Нет, неправильно: Леду сочинил веселую драматическую пьеску, которую Мишель Гиро обещал показать кому-либо из оперетточных композиторов. Но так уж получилось, что пьеску прочла Несравненная, сама решившая написать либретто по ее мотивам.

Леду, конечно, встречался с загадочной дамой пару раз в театре, но никакой привязанности между молодым либреттистом и Несравненной не замечалось. Зачем же теперь он ищет ее столь настойчиво? И что это за разговоры о смертельной необходимости?

Мишель Гиро вздохнул:

– Мне жаль, милый Гастон, но я ничем не могу вам помочь. Вы же знаете, в другой ситуации я всегда – за ваш талант. Но тут я бессилен.
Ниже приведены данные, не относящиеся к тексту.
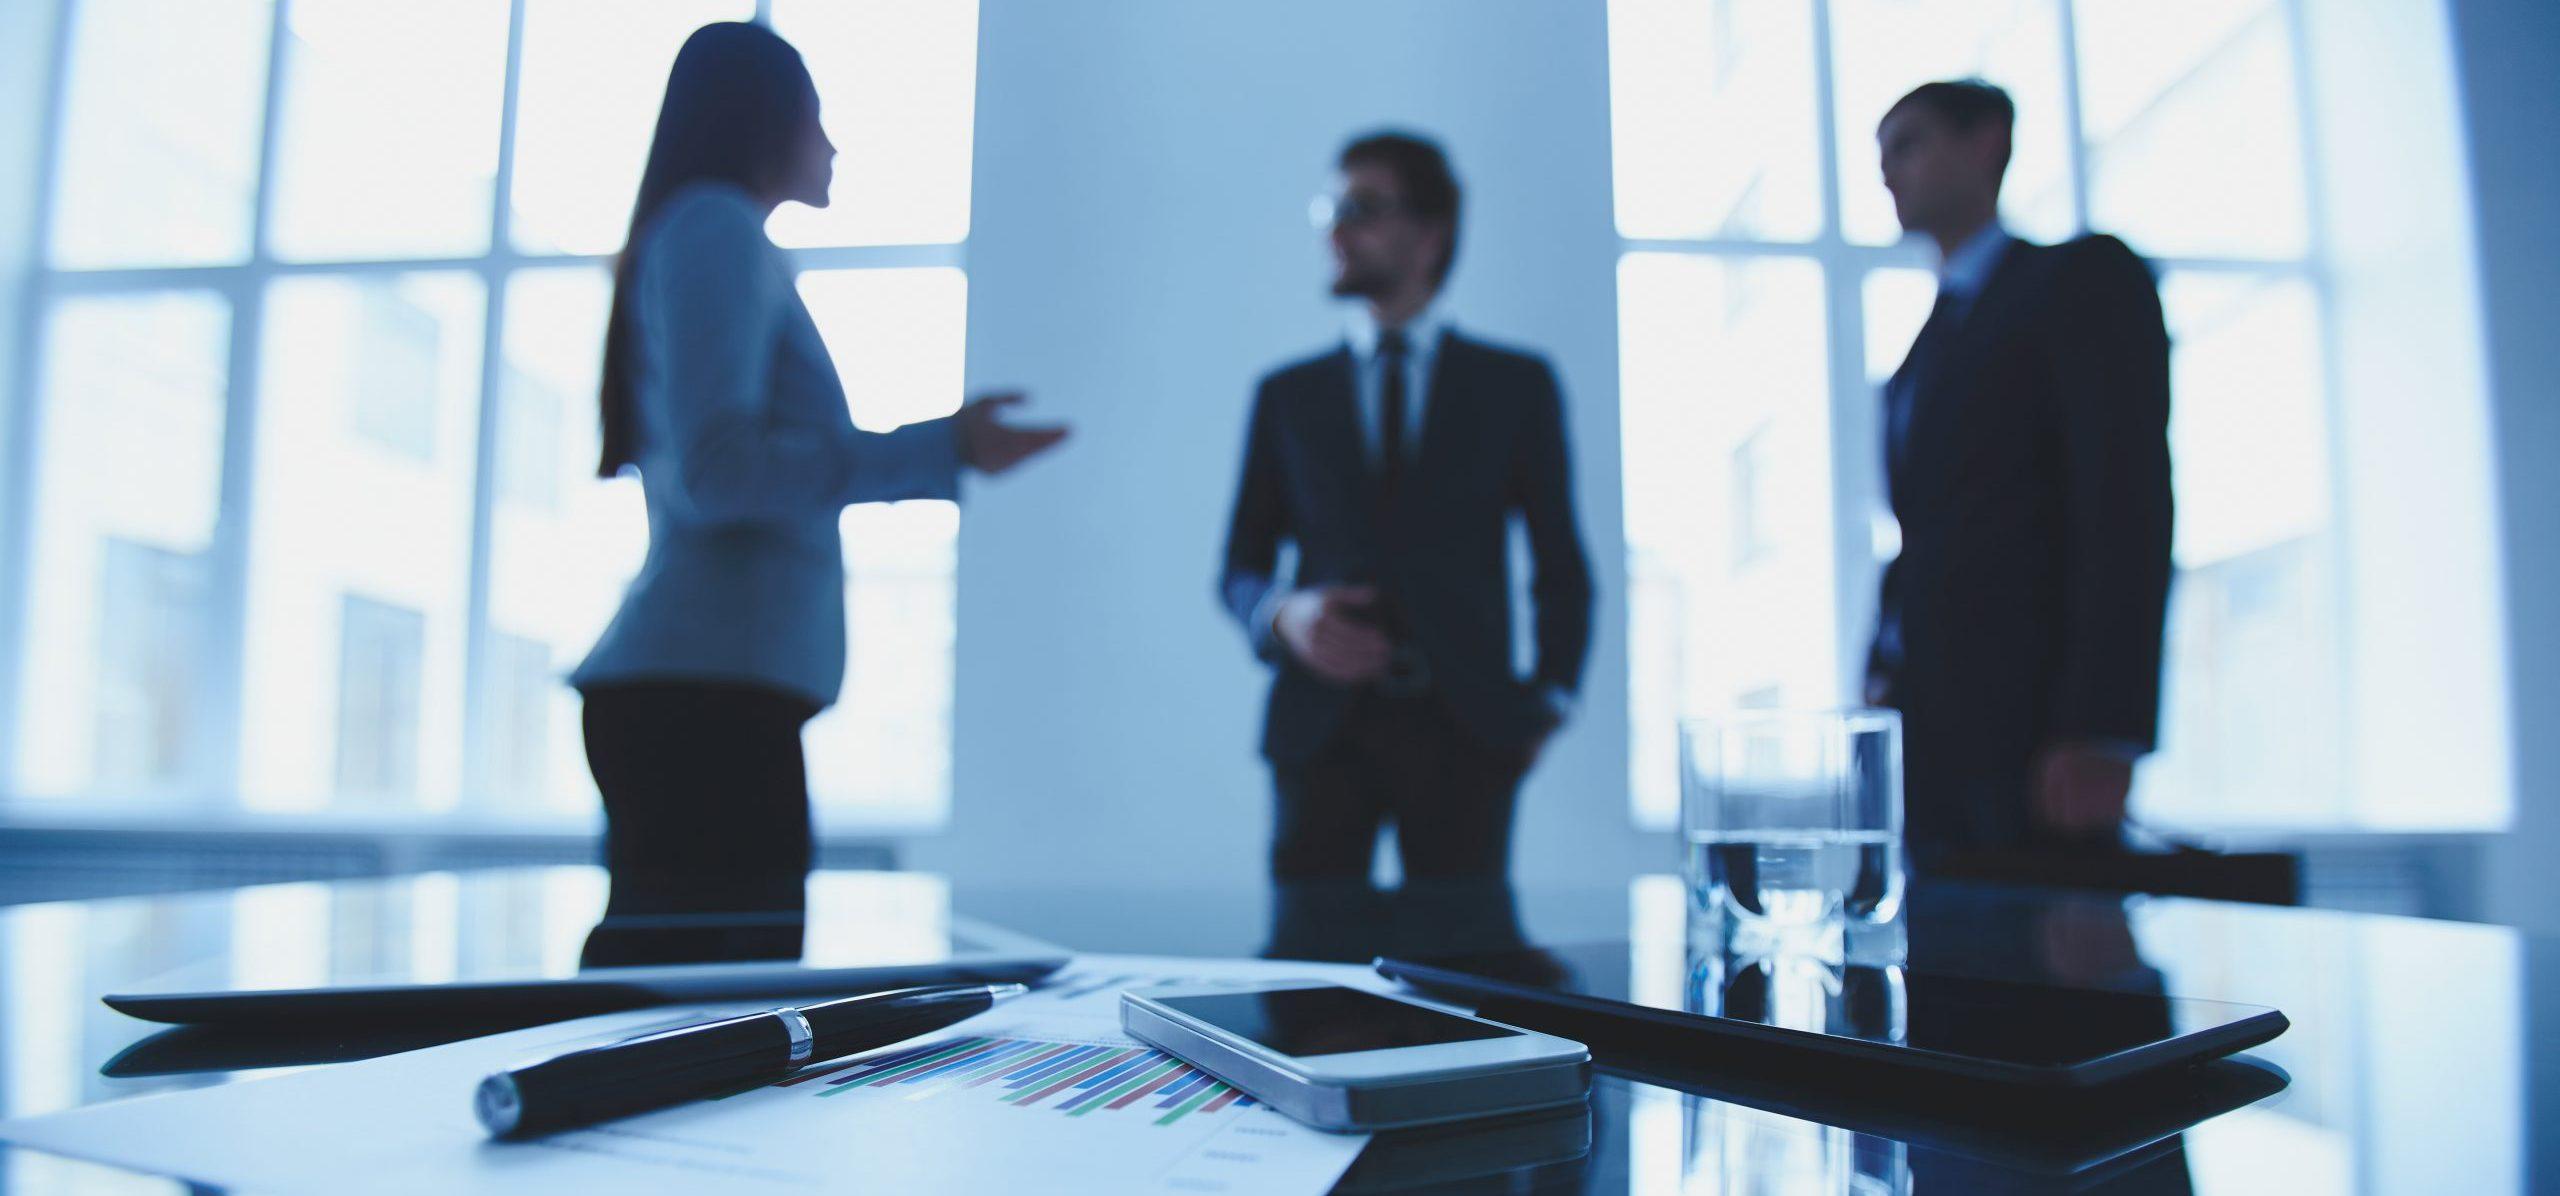 5 táticas e truques de negociação que você talvez nunca tenha percebido

И, окинув юношу сочувствующим, почти отеческим взглядом, знаменитый директор поднялся, давая понять, что разговор окончен.
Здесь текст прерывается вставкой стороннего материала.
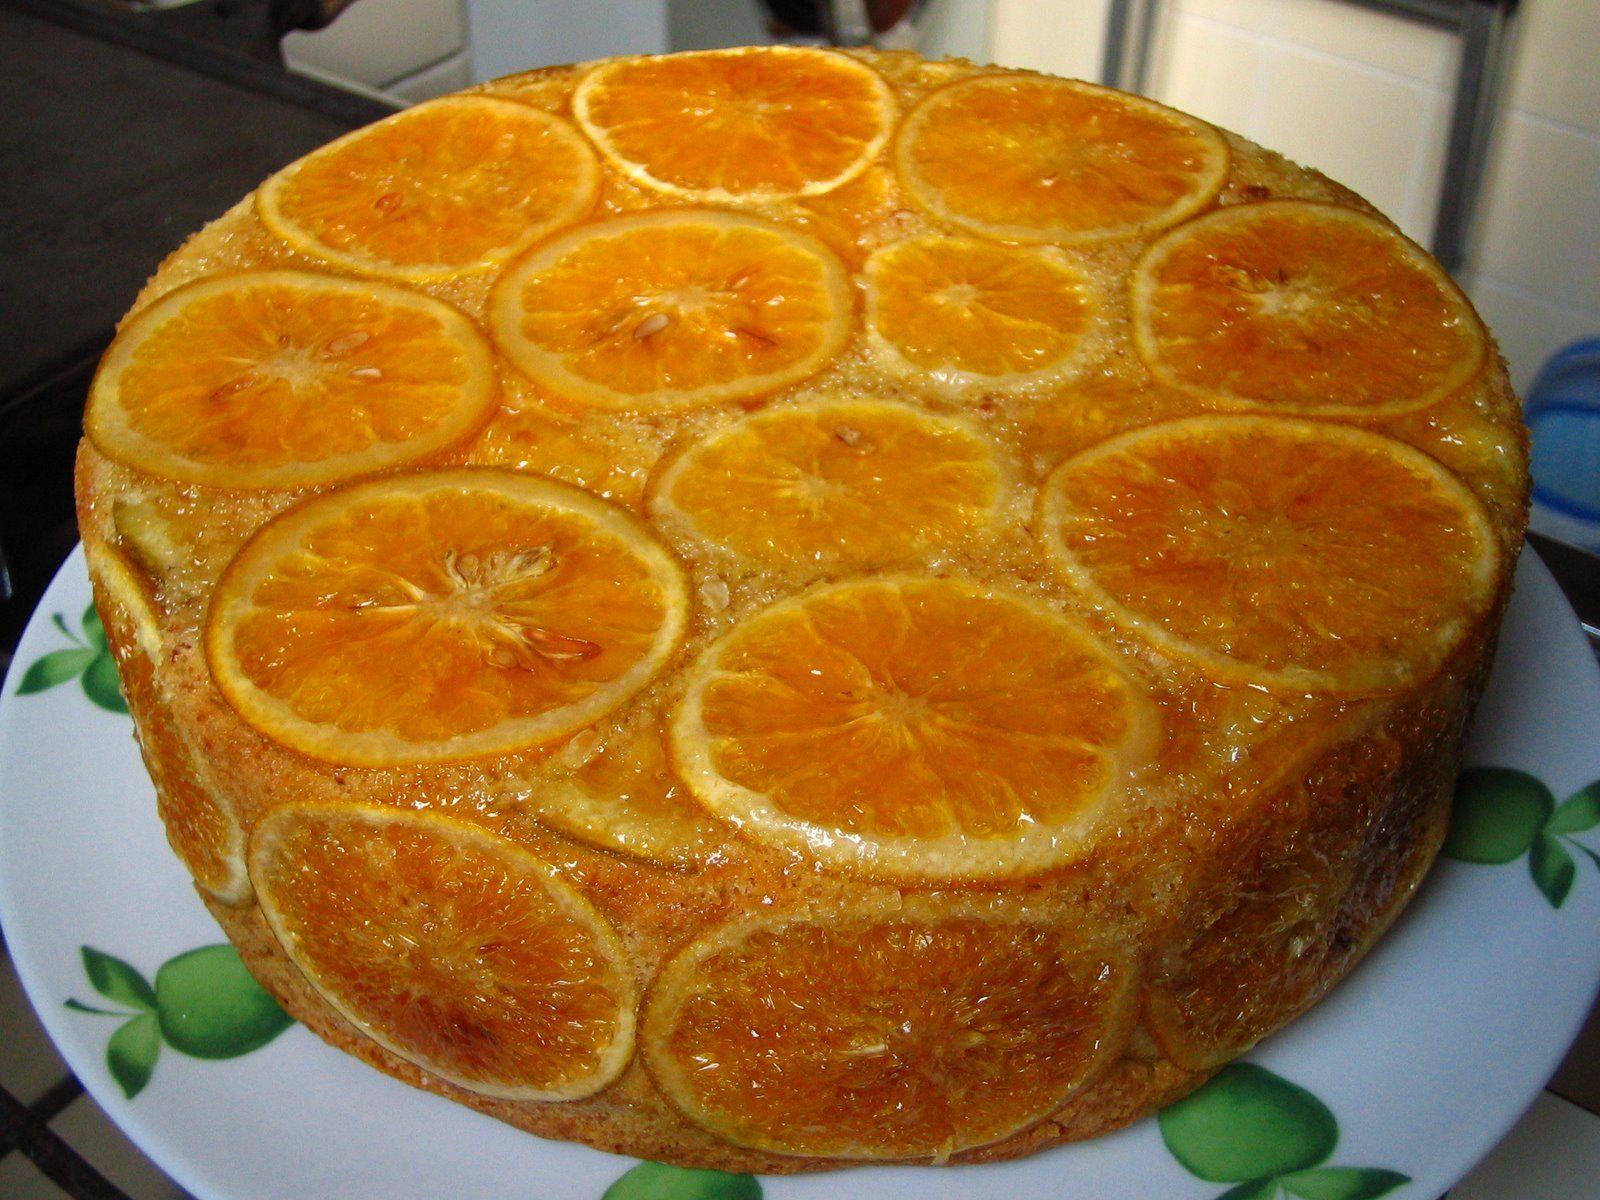 Cobertura de laranja:   - 1 xícara de Açúcar   - ½ xícara (125ml) de  Água   - 2 Laranjas grandes, com a casca, em fatias finas   ...

– Ну, вспомните хоть какую-то деталь, хоть что-то об этой Несравненной! Вдруг мне пригодится в поисках! – в отчаянии вскричал Леду.

– Увы, мой друг! – Директор смутился, как будто и хотел помочь, да не мог. Он симпатизировал юноше, но… – Я практически ничего не могу сказать о ней. Меха, бриллианты, темное дорогое платье, черная плотная вуаль – вот портрет, который подходит к любой обеспеченной парижанке.

– А она парижанка?

– Вероятнее всего. У нее типично парижский выговор. И еще знание множества чисто городских деталей – она же их вставила в пьесу.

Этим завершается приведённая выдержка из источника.